Bioinformatics. 2024 Sep 2;40(9). doi: 10.1093/bioinformatics/btae523.
Heterogeneity in human diseases presents challenges in diagnosis and treatments due to the broad range of manifestations and symptoms. With the rapid development of labelled multi-omic data, integrative machine learning methods have achieved breakthroughs in treatments by redefining these diseases at a more granular level. These approaches often have limitations in scalability, oversimplification, and handling of missing data.
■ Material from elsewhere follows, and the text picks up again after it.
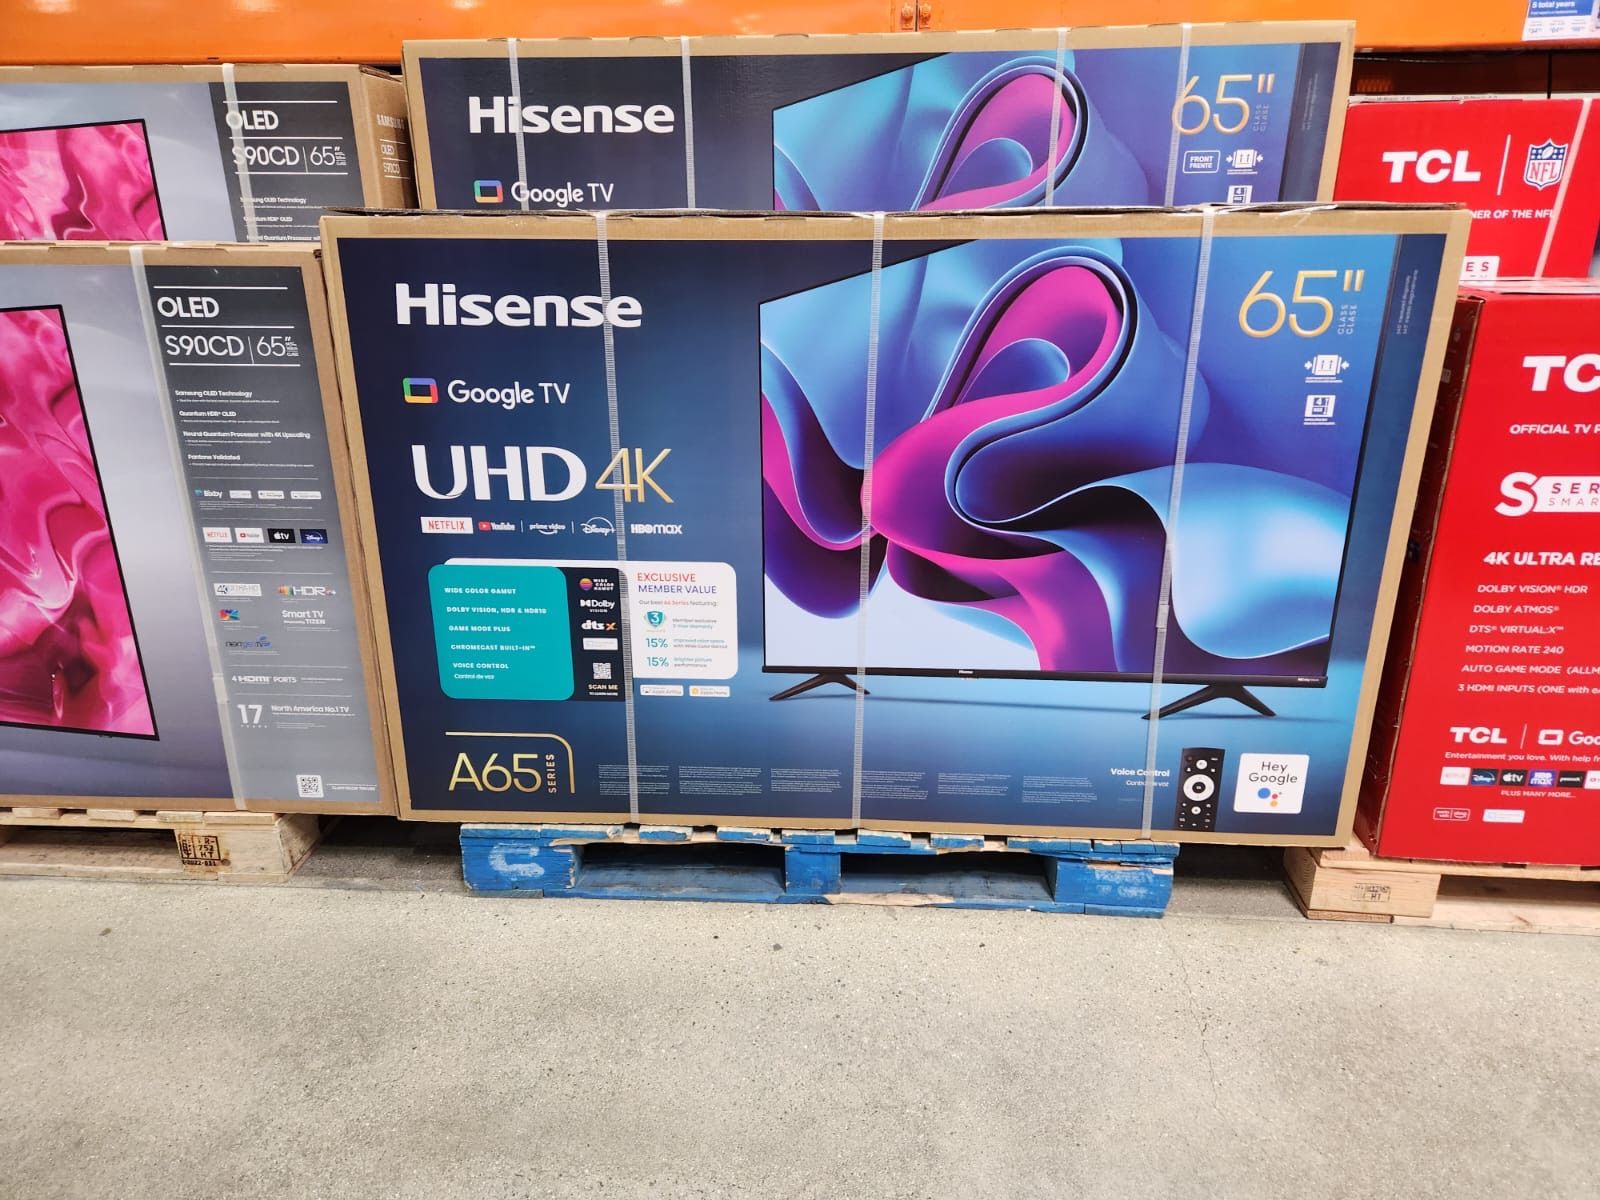 65”Hisense UHD 4K SMART TV
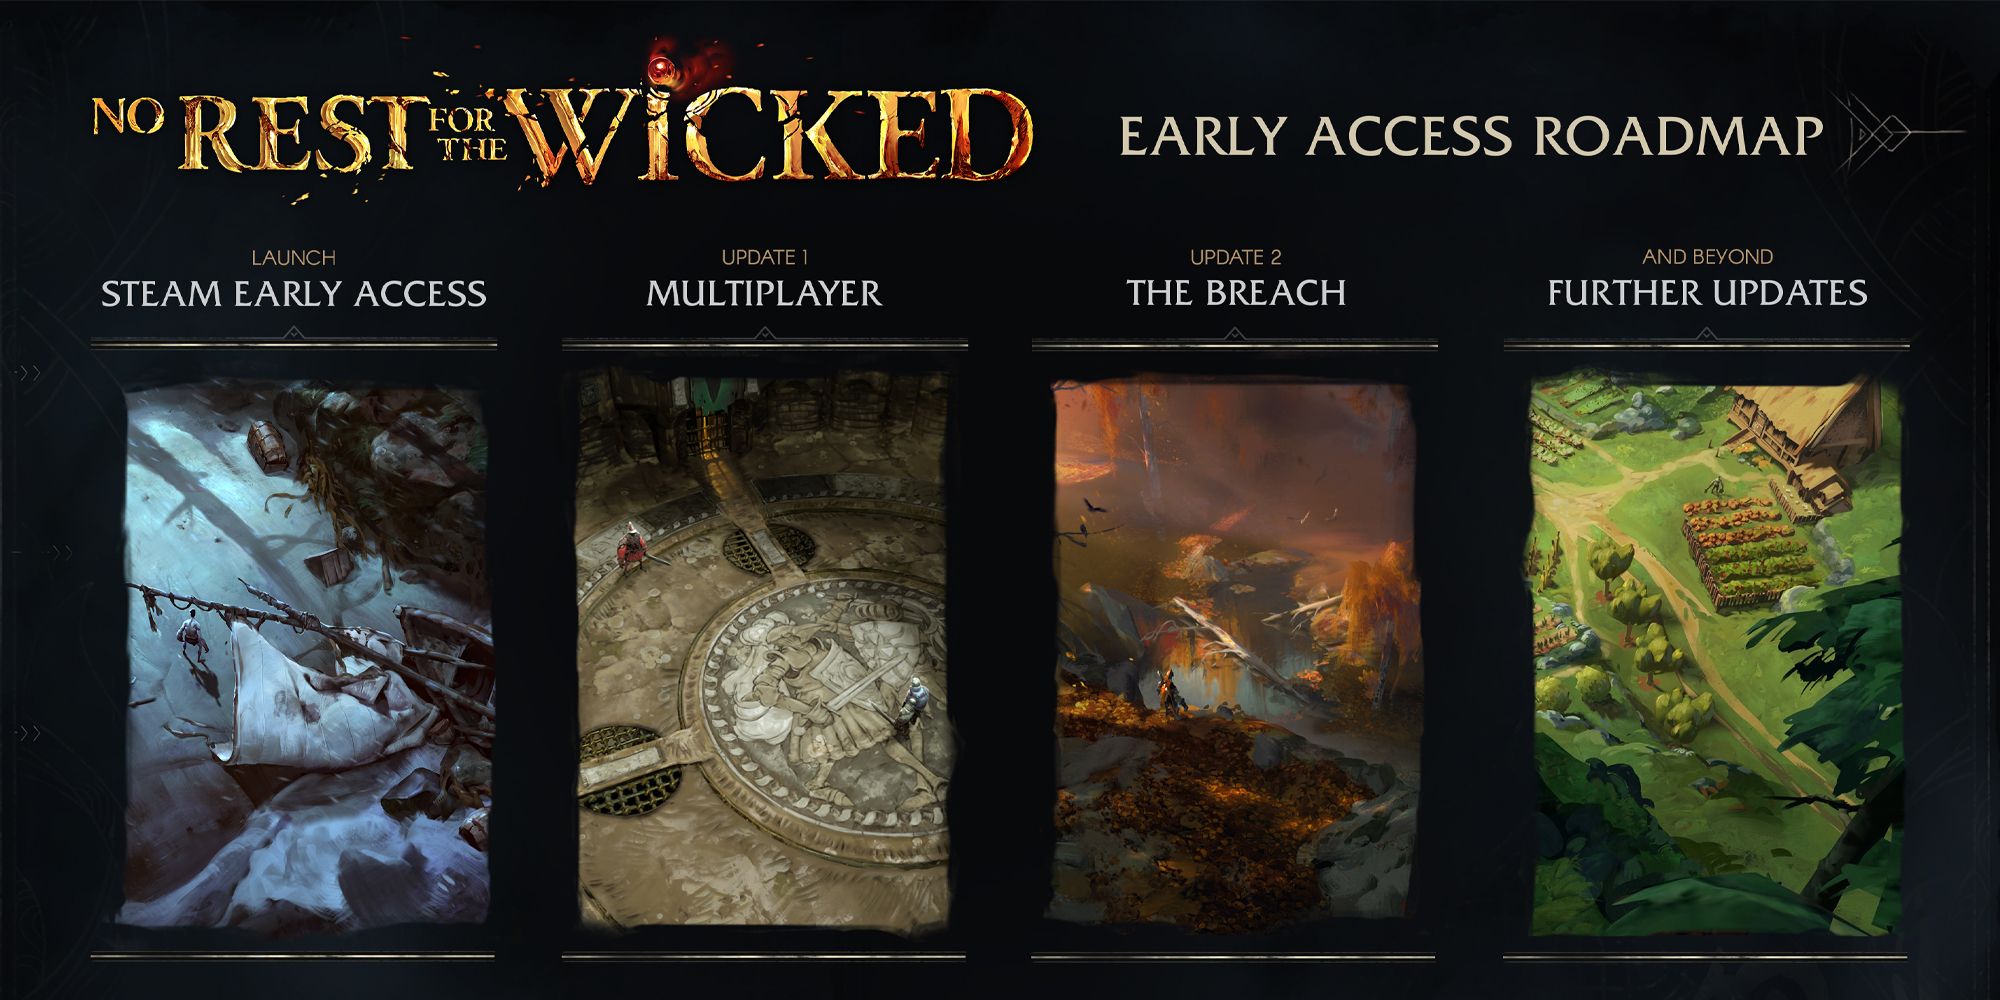 Roteiro de acesso antecipado de No Rest For The Wicked mostrando duas atualizações futuras.

In this study, we introduce Multi-Omic Graph Diagnosis (MOGDx), a flexible command line tool for the integration of multi-omic data to perform classification tasks for heterogeneous diseases. MOGDx has a network taxonomy. It fuses patient similarity networks, augments this integrated network with a reduced vector representation of genomic data and performs classification using a graph convolutional network. MOGDx was evaluated on three datasets from the cancer genome atlas for breast invasive carcinoma, kidney cancer, and low grade glioma. MOGDx demonstrated state-of-the-art performance and an ability to identify relevant multi-omic markers in each task. It integrated more genomic measures with greater patient coverage compared to other network integrative methods. Overall, MOGDx is a promising tool for integrating multi-omic data, classifying heterogeneous diseases, and aiding interpretation of genomic marker data.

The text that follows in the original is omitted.